As gorjetas em restaurantes e outros estabelecimentos prestadores de serviços

Oscar Ivan Prux

Por uma questão cultural, muitos trabalhadores de determinados países desenvolvidos evitam receber gorjetas. Para eles, a gorjeta se assemelha a esmola e fere a dignidade do ser humano que deve sempre trabalhar correta e zelosamente e auferir remuneração justa. Já em nosso continente, a gorjeta sempre esteve colocada como uma espécie de tradição a demonstrar status superior para quem a dá, bem como, por essa característica cultural, passou a ser item esperado por prestadores de serviços como garçons, atendentes de hotéis, manobristas, guias turísticos, etc. Há casos, inclusive, em que é gerada má vontade e até atritos quando o consumidor deixa de dar gorjeta para prestador de serviços que julga ser essa uma obrigação. Chega-se a ter casos em certos países da América do Sul, nos quais é comum o prestador de serviço chegar a dizer para o turista de seu conhecimento do fato de que no país de origem do visitante, é uma espécie de ofensa dar gorjeta, mas que aqui na América do Sul ele (prestador de serviço) quer mesmo é ser ofendido à vontade com esse tipo de donativo (ou seja, a vista de não receber de seu empregador a remuneração condigna, não se sente atingido em sua dignidade ao receber gorjetas).

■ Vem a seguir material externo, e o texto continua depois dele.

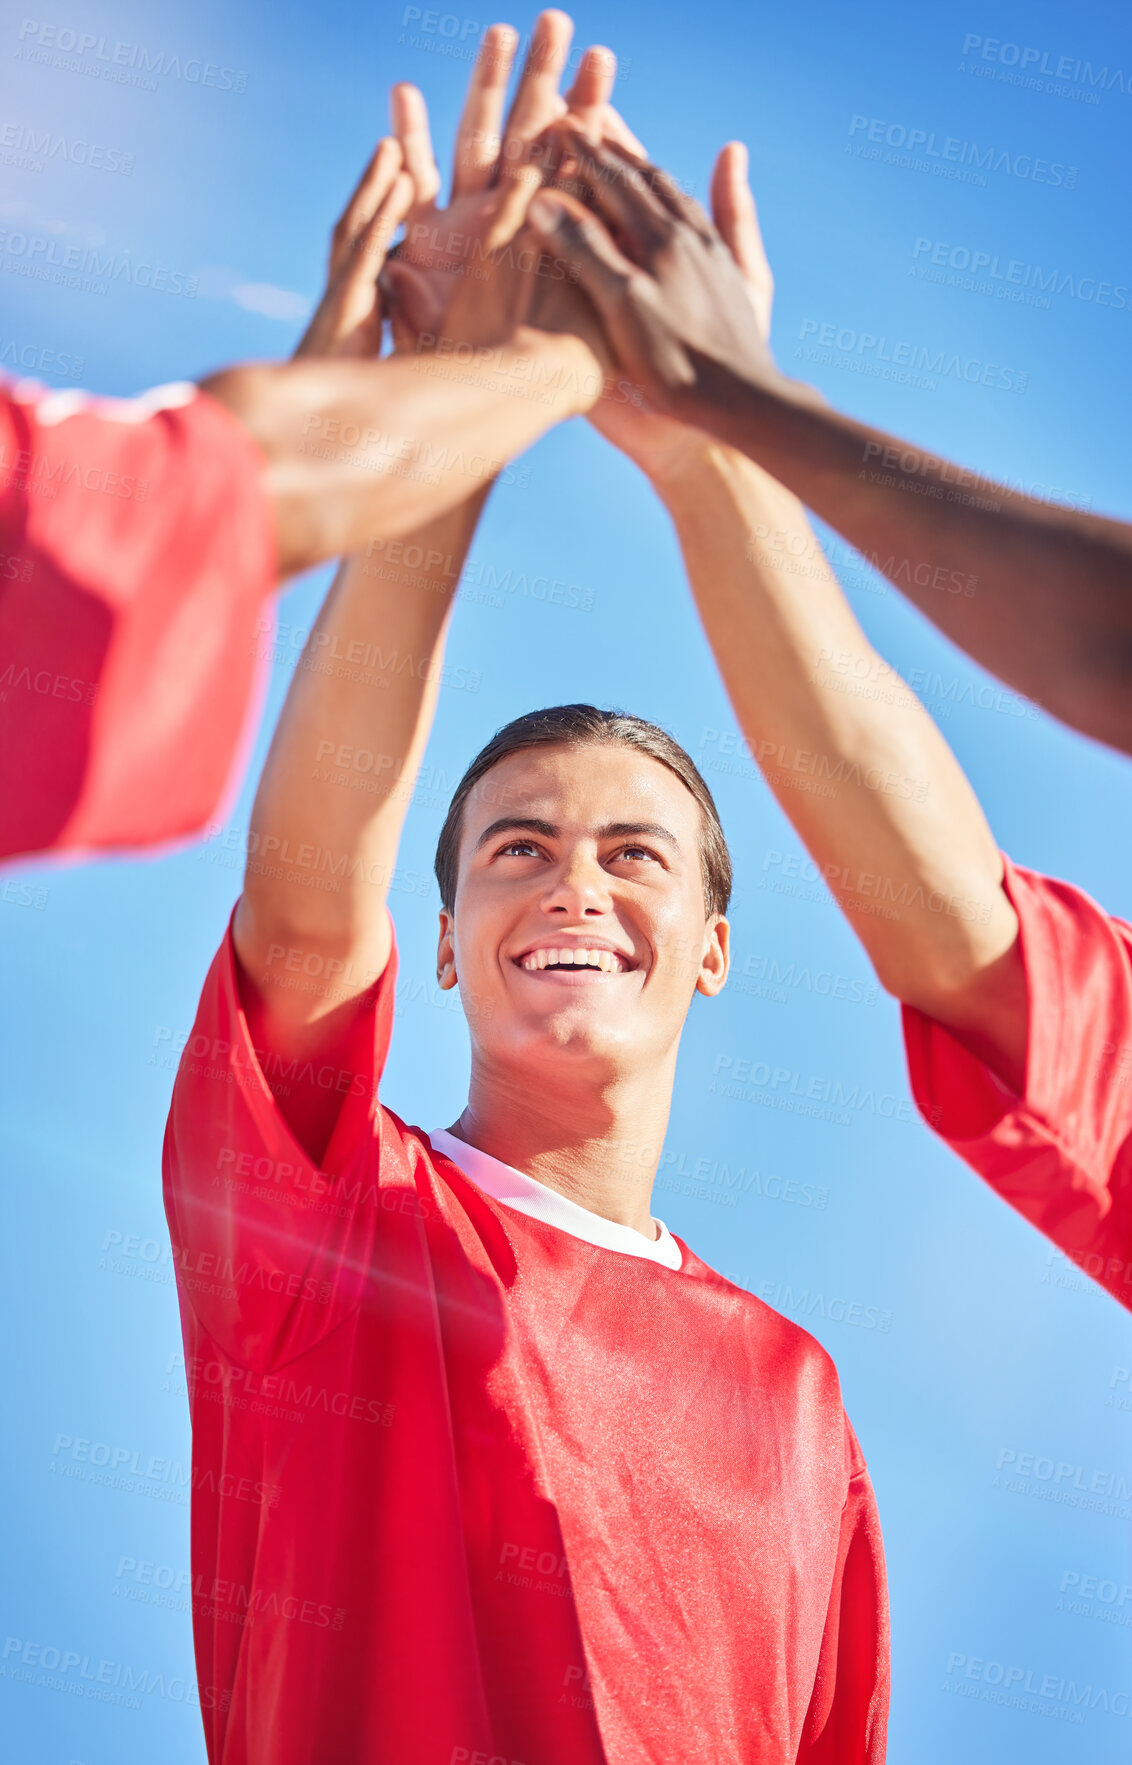 Buy stock photo High five, soccer and team in celebration of a goal and winning in a sports game or match outdoors in summer in Brazil. Success, fitness and happy friends or athletes reaching football score targets

Por conta disso, existem muitos empregadores que sequer se dispõem a assalariar o empregado, deixando-lhes como remuneração, apenas as gorjetas doadas pelos clientes. E o fazem sem pudor, pois além do costume social nesse sentido, existem sindicatos que os aconselham e garantem ser legal a imposição de cobrança de gorjeta, sempre com base em disposição prevista na Consolidação das Leis do Trabalho (CLT), na Portaria 04/94 da extinta Sunab e, eventualmente, em Convenções, Acordos ou Dissídios Coletivos de Trabalho celebrados por entidades patronais e de empregados.

Pois bem, o argumento dessas entidades sindicais que representam principalmente bares, restaurantes e similares, não possui fundamento jurídico válido. Nada há de errado em alguém sentir-se bem atendido e optar por fazer uma doação como prêmio pelo bom atendimento que o prestador direto do serviço lhe presta. Entretanto, é preciso deixar bem claro que a gorjeta é facultativa para o cliente e não pode ser compulsoriamente imposta a ele. O fornecedor não pode transferir para o consumidor, o dever legal de remunerar seus empregados ou prestadores de serviços. Adimplir esse encargo não é responsabilidade do consumidor, mas tão-somente pagar pelo produto ou serviço fornecido. Observe-se que a CLT (art. 457, caput e parágrafo 3º) significativamente classifica a gorjeta como “importância espontaneamente dada pelo cliente”.

Igualmente, em caso de taxa de serviço cobrada pela empresa, para o consumidor ela perde essa característica e passa a ser parte do preço. Por outro lado, a Sunab, em época alguma, deteve poder para regular a imposição de pagamento de gorjeta ou taxa de serviço, pois o alegado direito à intervenção no domínio econômico que esta possuía sempre se restringiu a questões como dominação de mercados, eliminação da concorrência e aumento arbitrário de lucros, circunstâncias que não se relacionam com a cobrança de gorjetas. Então sobre essa matéria ela nunca teve poderes para legislar. E, por derradeiro, as convenções coletivas ou acordos entre categorias profissionais relacionadas com as atividades de fornecimento de produtos ou serviços, não são aptas a impor o pagamento de gorjetas, pois jamais podem vincular aos consumidores que delas não participam.

Nesse contexto, é fundamental que os empregadores assumam plena e integralmente seu encargo de remunerar aqueles que lhes prestam serviços/trabalhos. Se julgam que os preços que praticam são baixos ou módicos demais, que acrescentem um valor a maior nos mesmos e enfrentem o risco e a concorrência, pois isso é da essência de ser empresário.

A mera tentativa de imposição ao consumidor de que pague gorjeta, a par de ser uma ilegalidade, ainda gera desconforto entre os envolvidos, principalmente quando nos preços expostos no estabelecimento, não existe informação clara de seu valor final com esse acréscimo indevido.

Assim, evite-se a ilegalidade e mude-se essa cultura, que constrange consumidores e empregados. Tal como deve vir na “voz” da jurisprudência dos Tribunais, gorjeta jamais pode configurar-se em quantia obrigatória a ser assumida pelo consumidor, pois se trata de mera liberalidade que ele tem a opção de querer ou não doar.

Oscar Ivan Prux é advogado, economista, professor, especialista em Teoria Econômica, mestre e doutor em Direito. Coordenador do curso de Direito da Unopar em Arapongas-PR. Diretor do Brasilcon para o Paraná.